▸ How to complete this task: Without changing a thing, reproduce the entire listing and leave out its pictures.

▸ Given information:
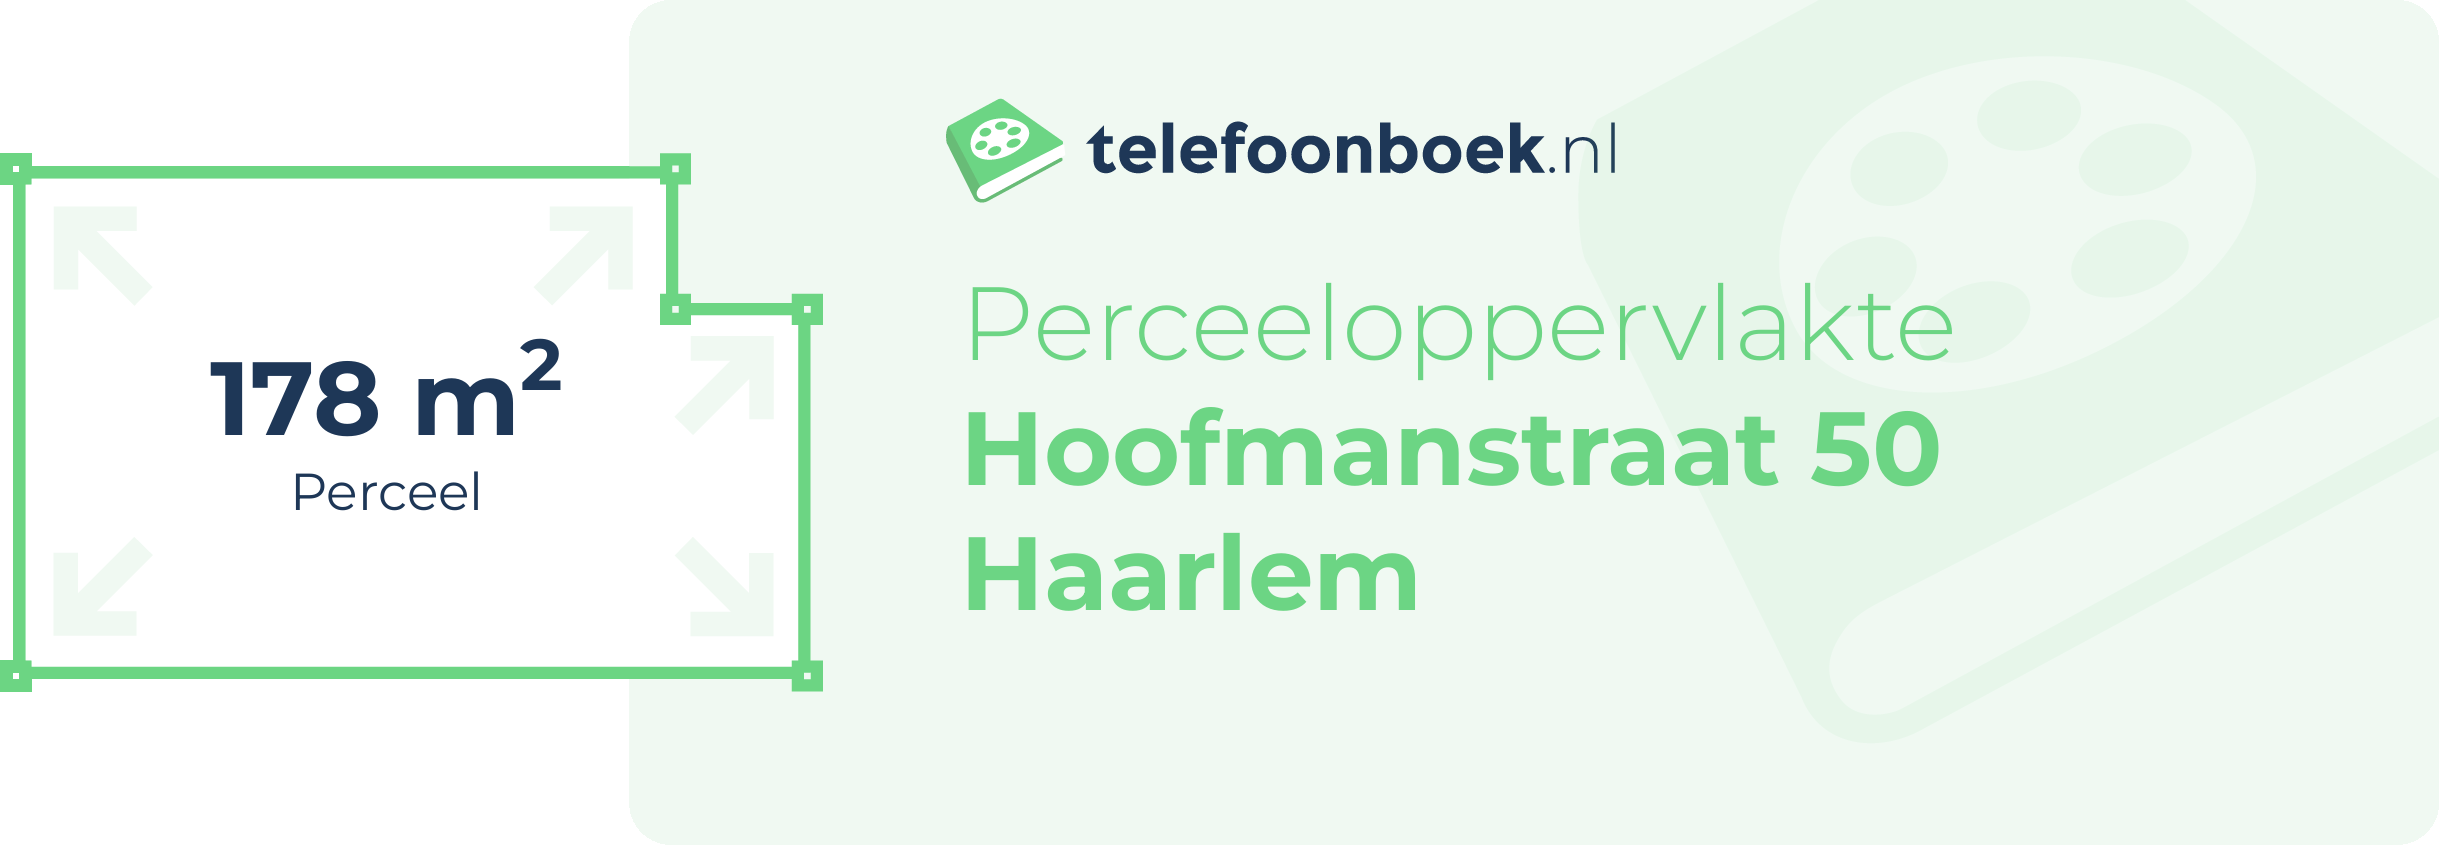 Perceeloppervlakte Hoofmanstraat 50 Haarlem
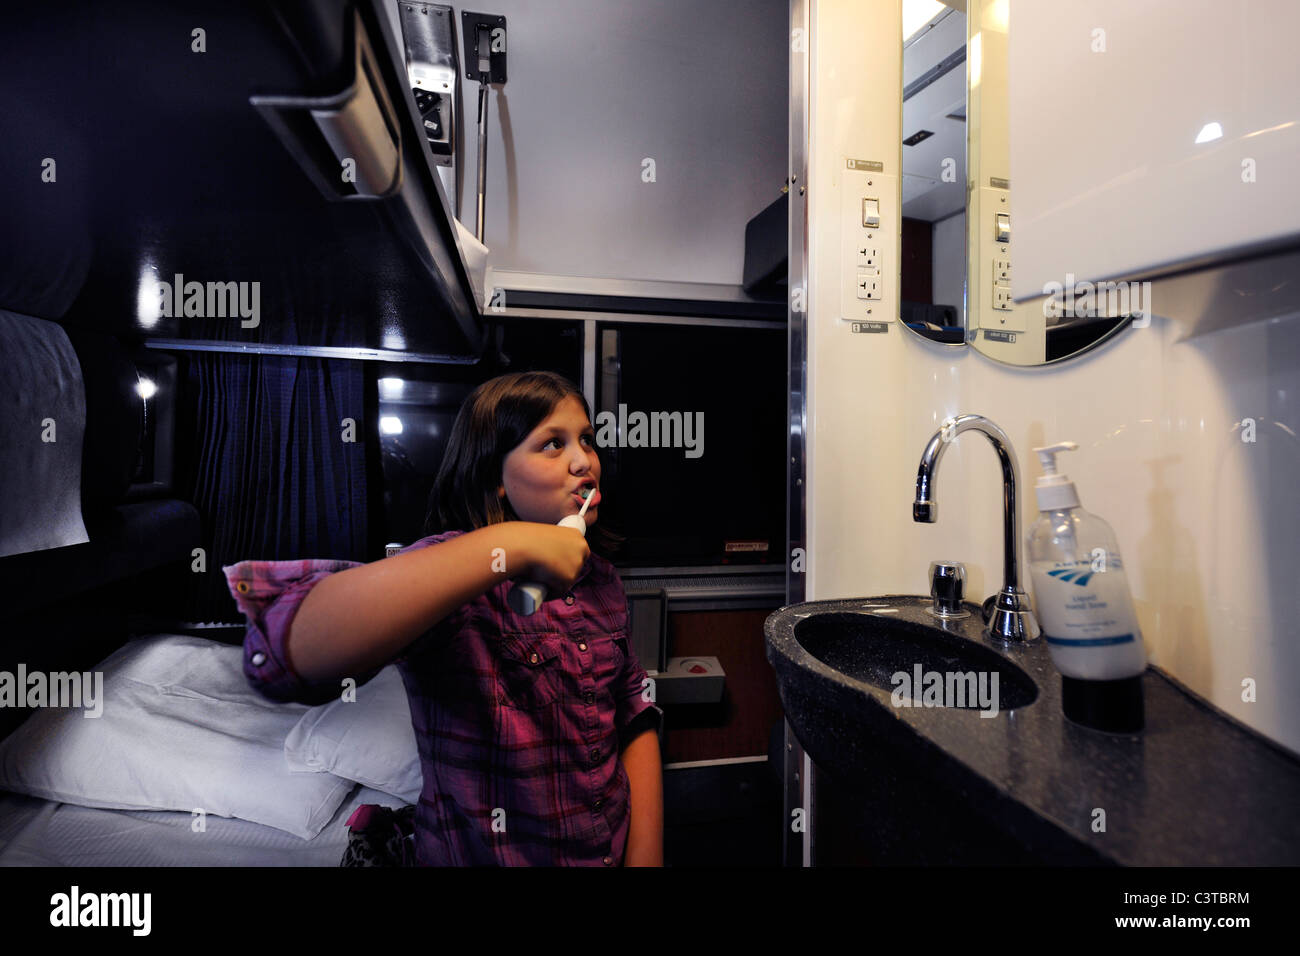 2010. 10 Jahre alten Mädchen Bürsten ihre Zähne vor dem Bett in ihrem Amtrak-Schlafwagen für die Reise von Chicago nach Washington, DC. Stockfoto
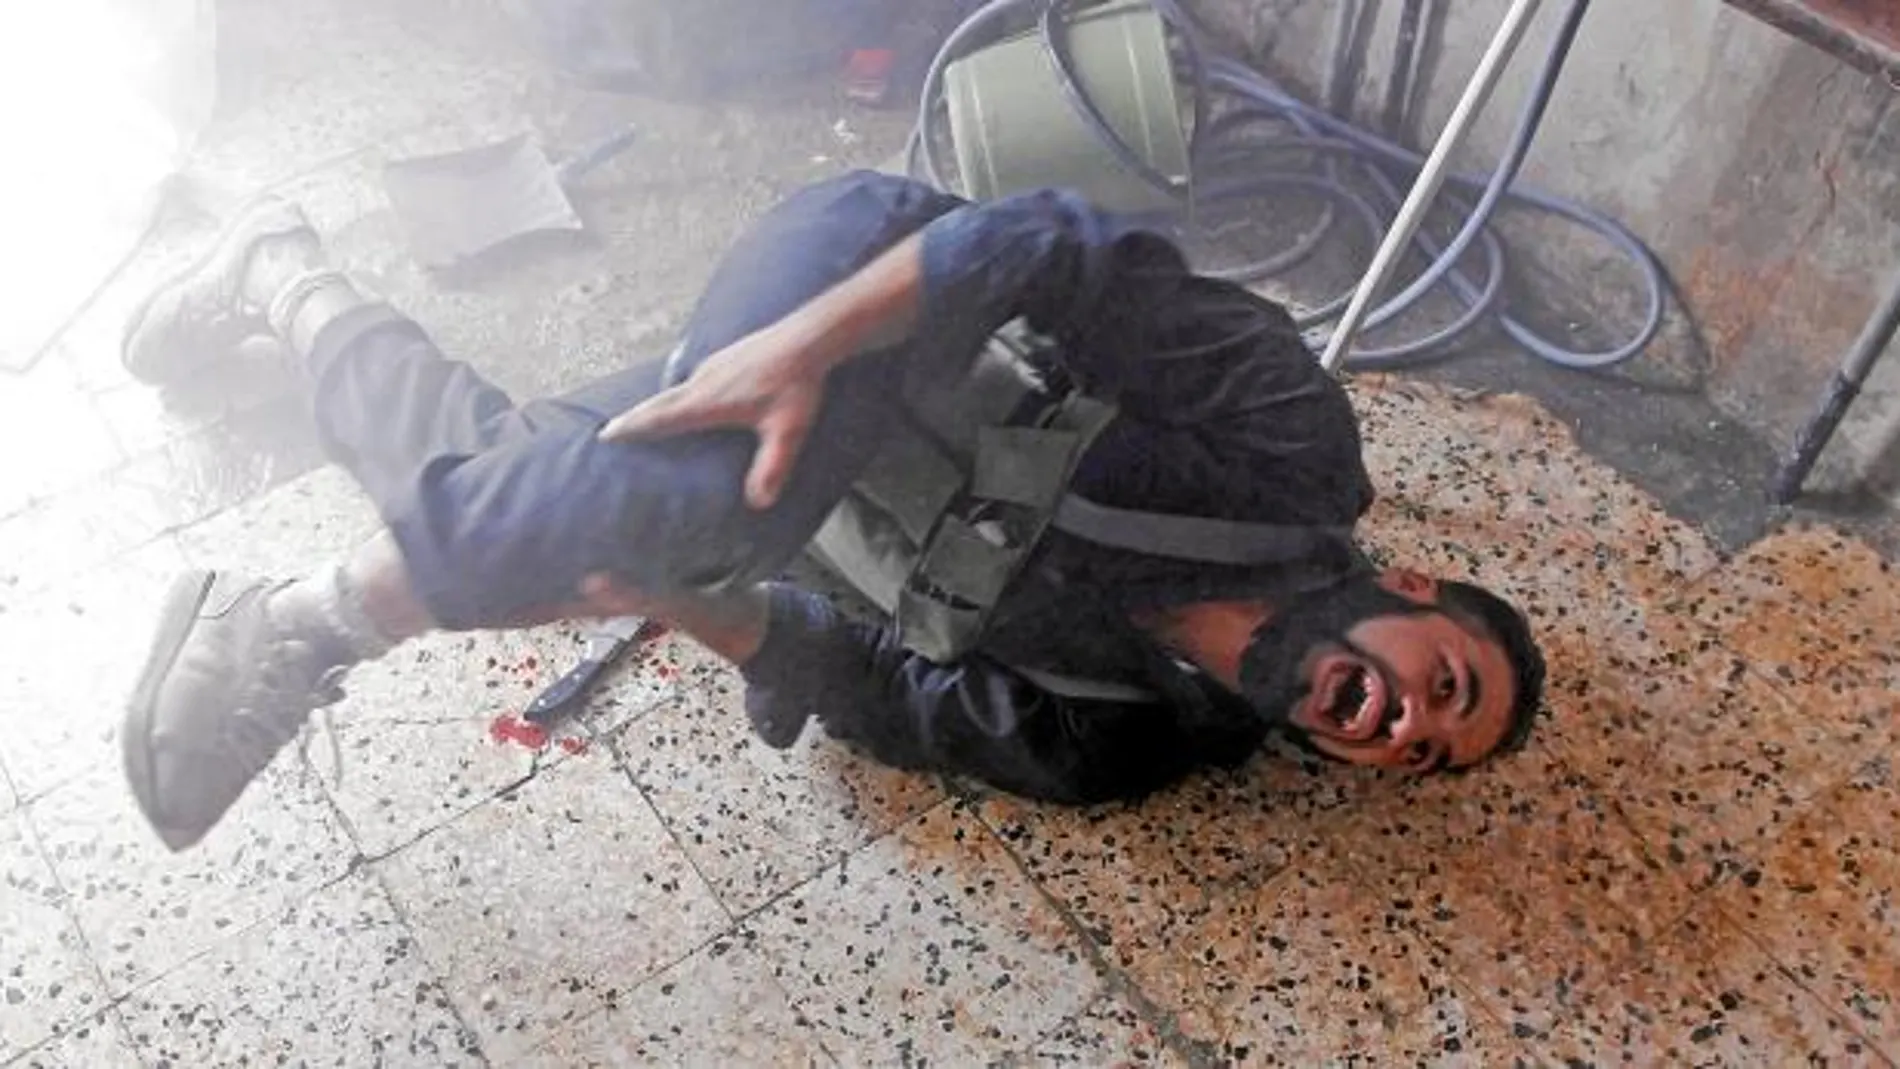 SANGRE Y DOLOR. Un rebelde sirio grita tras ser herido en los combates de ayer en la ciudad de Alepo

▸ Task solution:
 Perceeloppervlakte Hoofmanstraat 50 Haarlem
 2010. 10 Jahre alten Mädchen Bürsten ihre Zähne vor dem Bett in ihrem Amtrak-Schlafwagen für die Reise von Chicago nach Washington, DC. Stockfoto
 SANGRE Y DOLOR. Un rebelde sirio grita tras ser herido en los combates de ayer en la ciudad de Alepo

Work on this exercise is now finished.